Here is how I built a document summarizer that ingests long articles and emits structured briefs. The tool is useful for research teams, support queues, or anyone who needs to distill reports into actionable takeaways. I wired it to Oxlo.ai so that each pass costs one flat request, even when the input text grows.

What you'll need

Python 3.10 or newer
An Oxlo.ai API key from https://portal.oxlo.ai
The OpenAI SDK: pip install openai

Step 1: Configure the client and verify the connection

First I pointed the OpenAI SDK at Oxlo.ai and verified that my API key was active. I used Llama 3.3 70B as the workhorse because it handles long context reliably and starts instantly.

from openai import OpenAI
import os

client = OpenAI(
    base_url="https://api.oxlo.ai/v1",
    api_key=os.getenv("OXLO_API_KEY", "YOUR_OXLO_API_KEY")
)

# Smoke test
test = client.chat.completions.create(
    model="llama-3.3-70b",
    messages=[{"role": "user", "content": "Say OK"}]
)
assert test.choices[0].message.content is not None
print("Client ready:", test.choices[0].message.content)

Step 2: Define the system prompt

I treat the system prompt as the product spec. The instructions below force the model to stay faithful to the source text and emit a predictable structure.

SYSTEM_PROMPT = """You are a precise document summarizer. Your job is to read the provided text and produce a structured summary containing:
- A one-sentence headline.
- A 2-3 paragraph summary that captures the main arguments, findings, or narrative.
- A bulleted list of key takeaways (max 5).
Do not introduce facts that are not in the text. Do not use flowery language. If the text is ambiguous, state that plainly."""

Step 3: Build the core summarization function

With the prompt in place, I wrapped the API call in a function that accepts any string and returns the generated summary. This single-pass version works for texts that fit comfortably in the context window.

def summarize(text: str, model: str = "llama-3.3-70b") -> str:
    response = client.chat.completions.create(
        model=model,
        messages=[
            {"role": "system", "content": SYSTEM_PROMPT},
            {"role": "user", "content": f"Summarize the following article:\n\n{text}"},
        ],
        temperature=0.3,
    )
    return response.choices[0].message.content

article = (
    "Artificial intelligence has transformed modern software development. "
    "Large language models can now generate code, review pull requests, and debug errors. "
    "However, integrating these capabilities into production pipelines requires careful attention to latency, cost, and accuracy. "
    "Teams that treat LLMs as deterministic engines often face surprise bills and inconsistent output. "
    "A better approach is to design robust prompts, validate outputs with unit tests, and fall back to smaller models when full reasoning is unnecessary."
)

print(summarize(article))

Step 4: Handle long documents with recursive chunking

Real articles often exceed what can be processed in one pass. I split the text into chunks, summarize each chunk, and then summarize the resulting summaries. Because Oxlo.ai charges a flat rate per request rather than per token, this multi-step pipeline stays economical even when the source material is long. See https://oxlo.ai/pricing for details.

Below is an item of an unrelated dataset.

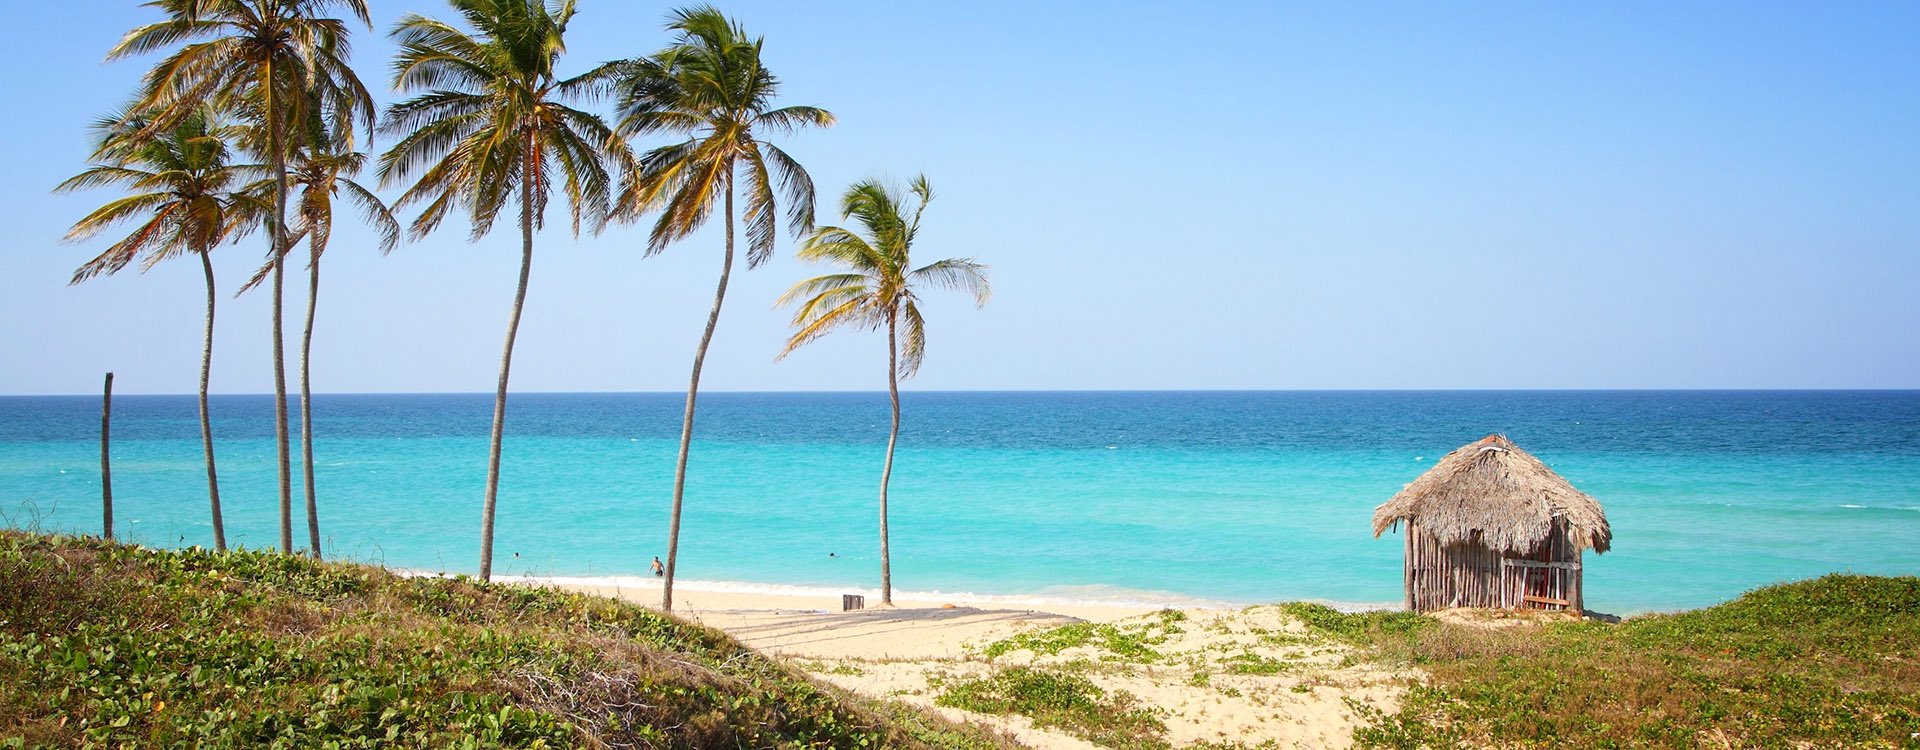 Cuba - Caribbean beach Playa Megano in Playas del Este part of Havana Province. Sandy coast

def chunk_text(text: str, max_chars: int = 3000) -> list[str]:
    paragraphs = text.split("\n\n")
    chunks = []
    current = ""
    for p in paragraphs:
        if len(current) + len(p) < max_chars:
            current += p + "\n\n"
        else:
            if current:
                chunks.append(current.strip())
            current = p + "\n\n"
    if current:
        chunks.append(current.strip())
    return chunks

def summarize_long(text: str, model: str = "llama-3.3-70b") -> str:
    chunks = chunk_text(text)
    if len(chunks) == 1:
        return summarize(chunks[0], model=model)

    # Map step: summarize each chunk
    partials = [summarize(c, model=model) for c in chunks]

    # Reduce step: summarize the summaries
    combined = "\n\n---\n\n".join(partials)
    return summarize(combined, model=model)

# Simulate a long document by repeating the article
long_article = "\n\n".join([article] * 10)
print(summarize_long(long_article))

Step 5: Lock the output format with JSON mode

Machine-readable output makes it easier to pipe the result into emails, dashboards, or databases. I switched the system prompt to request JSON and set response_format accordingly. For this step I used Qwen 3 32B, which follows structured instructions reliably.

import json

JSON_SYSTEM_PROMPT = """You are a precise document summarizer. Read the provided text and return a JSON object with exactly these keys:
- headline: string, one sentence.
- summary: string, 2-3 paragraphs.
- takeaways: array of strings, max 5 items.
Do not include markdown code fences. Output raw JSON only. Do not hallucinate."""

def summarize_json(text: str, model: str = "qwen-3-32b") -> dict:
    response = client.chat.completions.create(
        model=model,
        messages=[
            {"role": "system", "content": JSON_SYSTEM_PROMPT},
            {"role": "user", "content": f"Summarize the following article:\n\n{text}"},
        ],
        temperature=0.2,
        response_format={"type": "json_object"},
    )
    return json.loads(response.choices[0].message.content)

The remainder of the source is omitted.